Libya’da yaşamını yitiren MİT mensupları ile yaptıkları haber ve paylaşımlar nedeniyle haklarındaki cezalar istinaf mahkemesince onanan ve adliyelere giderek cezaevlerine gönderilen üç gazeteciden Murat Ağırel ve Barış Pehlivan dün akşam (15 Şubat) saatlerinde, Hülya Kılınç ise bugün öğle saatlerinde serbest bırakıldı. Gazetecilerin avukatlarından Hüseyin Ersöz, gazetecilerin karşılaştığı süreci Medyascope’a anlattı.
Hülya Kılınç, Barış Pehlivan ve Murat Ağırel, Libya’da yaşamını yitiren MİT görevlileriyle ilgili haberleri ve paylaşımları gerekçesiyle yargılanan sekiz gazeteci arasındaydı. Gazeteciler, Mart 2020’den Eylül 2020’ye dek tutuklu yargılandı. İstanbul 34. Ağır Ceza Mahkemesi, “istihbarat faaliyeti ile ilgili bilgi ve belgeleri ifşa etmek” suçlamasıyla Pehlivan ve Kılınç’a üç yıl dokuz ay, Aydın Keser, Ferhat Çelik ve Ağırel’e ise dört yıl sekiz ay yedi gün hapis cezası verdi ve cezalar Şubat 2022 başında İstanbul Bölge Adliye Mahkemesi 3. Ceza Dairesi’nce onandı.
Denetimli serbestlik ile gelen tahliye
Avukat Ersöz, üç yıl dokuz aylık cezanın, infaz rejimine göre üçte ikisinin kapalı cezaevinde geçirildiğini, geri kalanın şartlı salıverme kapsamında olduğunu söyledi. Sürecin bu aşamadan sonra tutuklu kalınan sürenin düşülüp açık ceza infaz kurumuna çıkma şartları gerçekleştiyse oraya sevkin yapılması ve arkasından da denetimli serbestlik döneminin başlaması şeklinde işlediğini anlattı. Avukat Ersöz, denetimli serbestlik yasası çerçevesinde koşullu salıverilme süresine üç yıl kalanlara denetimli serbestlik uygulanmasına dair hükmün de tahliyeyi getirdiğini belirtti.
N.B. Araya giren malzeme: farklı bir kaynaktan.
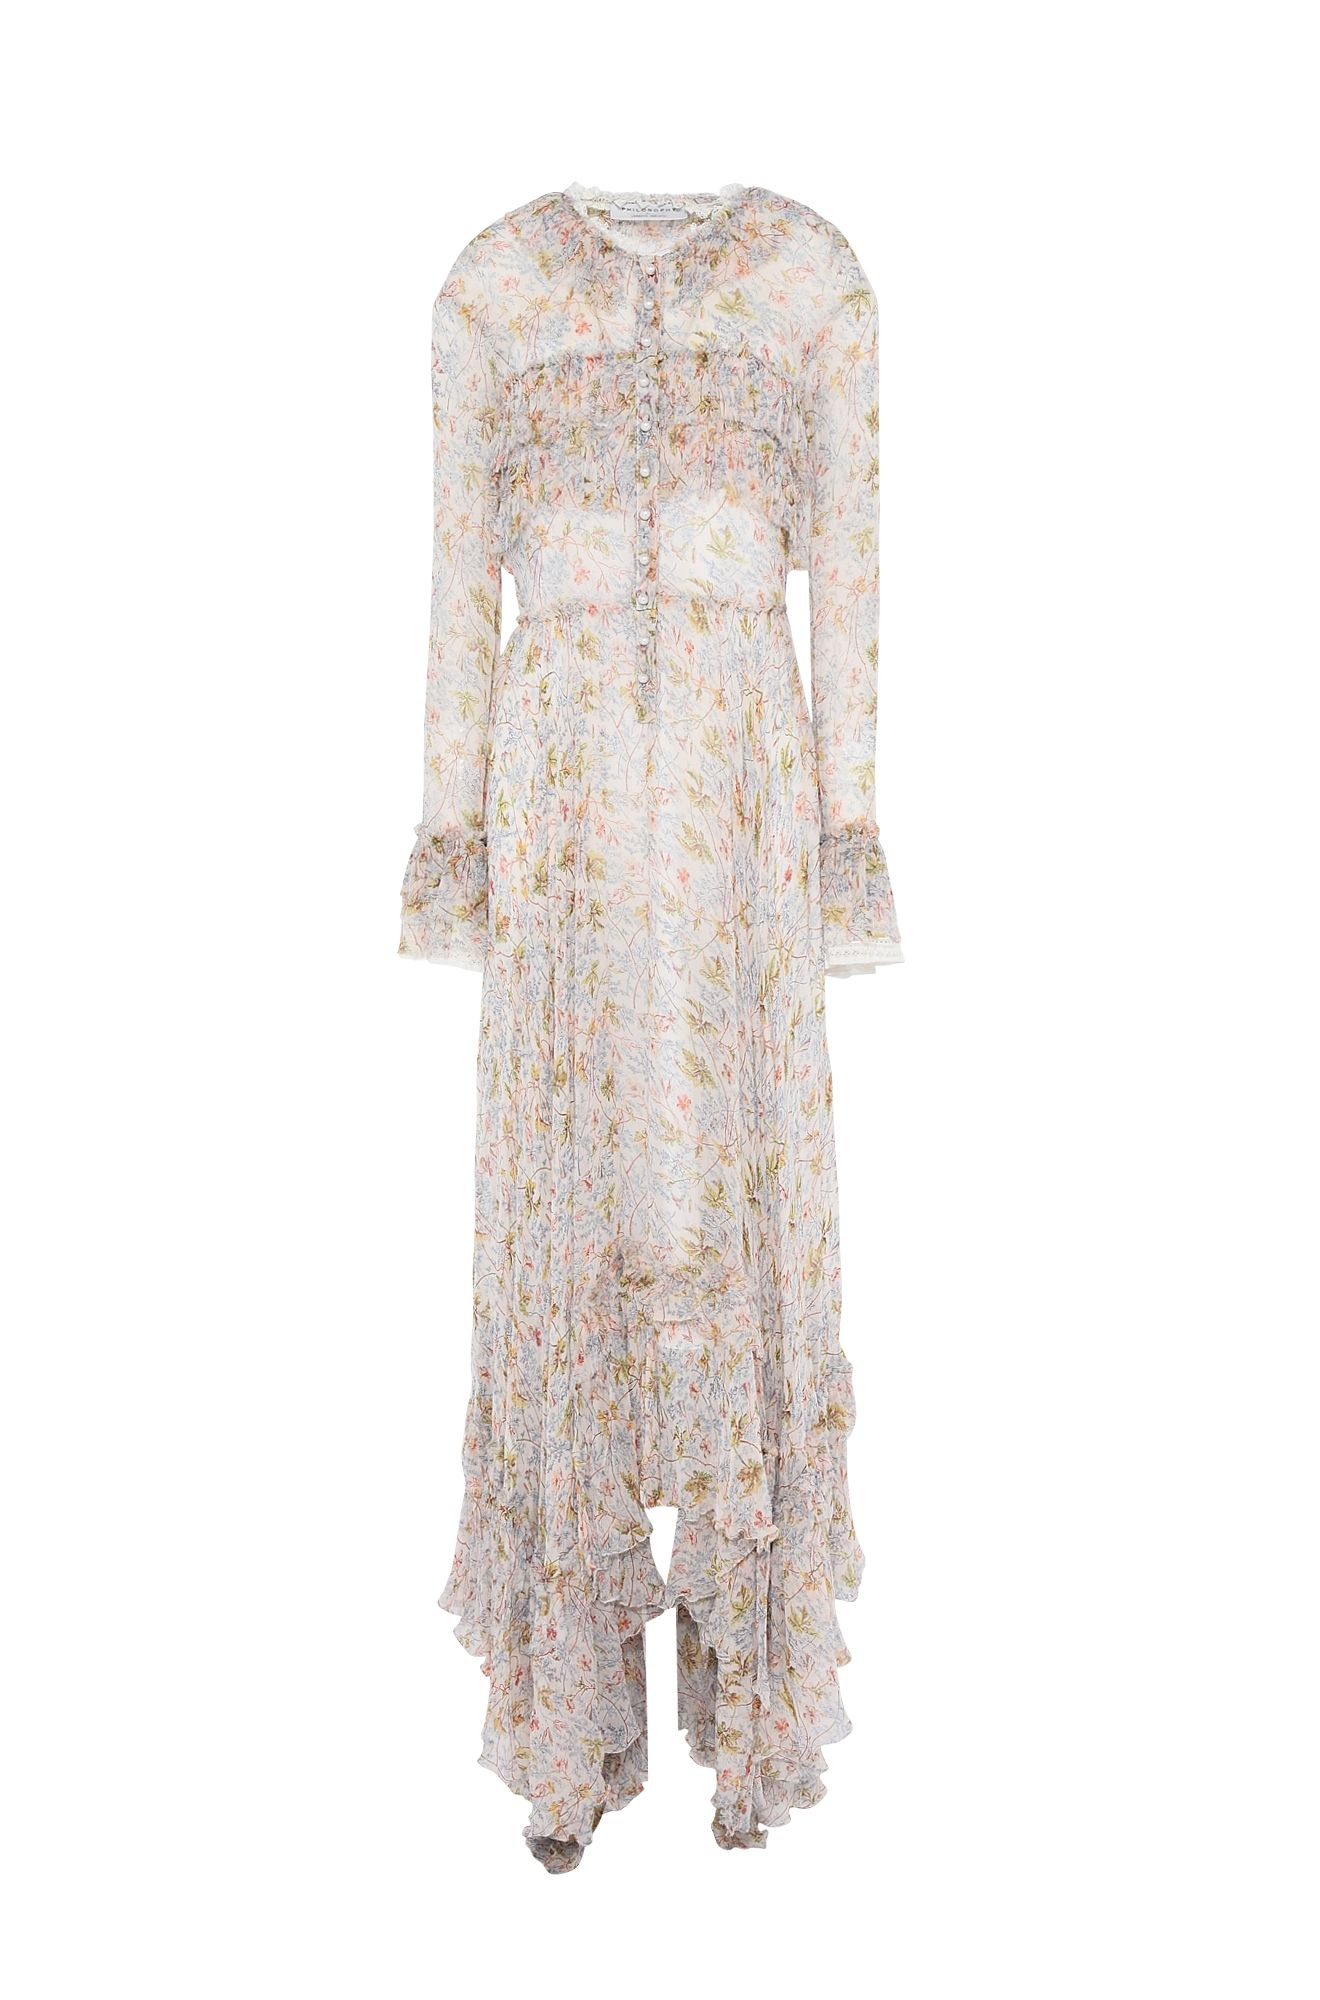 CASTAWAY FLORAL DRESS

Ersöz, gazetecilerle ilgili mahkumiyet kararlarının kesinleşmesinden itibaren yaşanan süreci ise şöyle anlattı:
“Kesinleşen karar sebebiyle dosya ağır ceza mahkemesine gönderildi. Ağır ceza mahkemesi de kesinleşme şerhlerini düzenleyerek infaz savcılığına bildirdi. İnfaz savcılığına dosya gönderildiği andan itibaren, infaz savcılığı tarafından gazeteciler hakkında yakalama kararları çıkartılacaktı. Bu yakalama kararlarının çıkartılmaları beklenmeksizin üç gazeteci bulundukları yerlerdeki adliyelere gidip teslim oldular. Bundan sonraki süreç, cezanın infazı sürecinin başlangıcını oluşturdu. Cezanın infazı, kapalı infaz kurumunda, ardından açık ceza infaz kurumunda, üçüncü olarak da denetimli serbestlik hükümleri çerçevesinde gerçekleşiyor. Haklarındaki mahkumiyet kararı gerçekleşen kişiler kapalı ceza infaz kurumuna gidip teslim olmalı. Üç gazeteci kapalı ceza infaz kurumuna giderek teslim oldu. Ardından da 2020’de çıkarılan yasa çerçevesinde denetimli serbestlik süresi üç yıla uzatıldığından, infaz edilecek hapis cezası bulunmadığı için, Bakırköy İnfaz Hakimliği’nce Murat Ağırel ve Barış Pehlivan hakkında denetimli serbestlik uygulanmasına karar verildi. Ağırel ve Pehlivan bu şekilde cezaevinden çıktılar. Bir daha ikisinin bu doğrultuda cezaevine girmeleri söz konusu değil ancak bu cezanın infazı denetimli serbestlik tedbiri uygulanarak infaz edilmeye devam edecek.”
Avukat Ersöz, denetimli serbestlik bürosunun karar verdiği denetimli serbestlik tedbirlerinin konferanslara dinleyici olarak katılma, kamu yararına çalışma, imza atma gibi yöntemlerden herhangi biri ya da birkaçı şeklinde olabildiğini anlattı. Ersöz, salgın koşulları nedeniyle hükümlülerin denetimli serbestlik bürolarına gitme zorunluluğu olmadığını, bu süre geçtikten sonra haklarındaki denetimli serbestlik tedbirlerinin uygulanması söz konusu olacağını, şu aşamada herhangi bir tedbir uygulanmayacağını söyledi.